Search the material below for the string "Cartier" and list each line that holds it.

(Input data Opens)

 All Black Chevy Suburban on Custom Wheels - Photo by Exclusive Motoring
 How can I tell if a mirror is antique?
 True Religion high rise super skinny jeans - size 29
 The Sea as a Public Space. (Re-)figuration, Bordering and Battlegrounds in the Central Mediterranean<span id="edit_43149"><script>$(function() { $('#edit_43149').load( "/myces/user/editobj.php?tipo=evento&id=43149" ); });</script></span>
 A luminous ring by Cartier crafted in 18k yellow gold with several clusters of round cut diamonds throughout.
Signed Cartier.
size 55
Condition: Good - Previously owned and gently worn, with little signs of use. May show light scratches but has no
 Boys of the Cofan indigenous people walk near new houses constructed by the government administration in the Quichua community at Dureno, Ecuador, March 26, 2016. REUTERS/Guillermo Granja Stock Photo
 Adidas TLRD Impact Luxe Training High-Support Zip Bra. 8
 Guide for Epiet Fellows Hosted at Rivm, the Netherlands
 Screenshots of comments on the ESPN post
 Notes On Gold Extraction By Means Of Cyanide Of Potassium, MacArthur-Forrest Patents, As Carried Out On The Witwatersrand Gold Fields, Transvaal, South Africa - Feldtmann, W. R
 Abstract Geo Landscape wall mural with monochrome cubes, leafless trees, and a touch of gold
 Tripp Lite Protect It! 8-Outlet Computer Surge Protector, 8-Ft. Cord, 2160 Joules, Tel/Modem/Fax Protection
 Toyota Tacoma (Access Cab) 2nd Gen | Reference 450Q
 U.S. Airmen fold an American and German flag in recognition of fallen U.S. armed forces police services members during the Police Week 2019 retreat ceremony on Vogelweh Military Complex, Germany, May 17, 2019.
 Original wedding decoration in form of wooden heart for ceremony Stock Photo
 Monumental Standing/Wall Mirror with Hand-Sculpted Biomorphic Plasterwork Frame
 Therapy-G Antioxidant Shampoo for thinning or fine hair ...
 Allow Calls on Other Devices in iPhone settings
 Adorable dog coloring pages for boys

(Input data Closes)

■ Exercise output:
 A luminous ring by Cartier crafted in 18k yellow gold with several clusters of round cut diamonds throughout.
Signed Cartier.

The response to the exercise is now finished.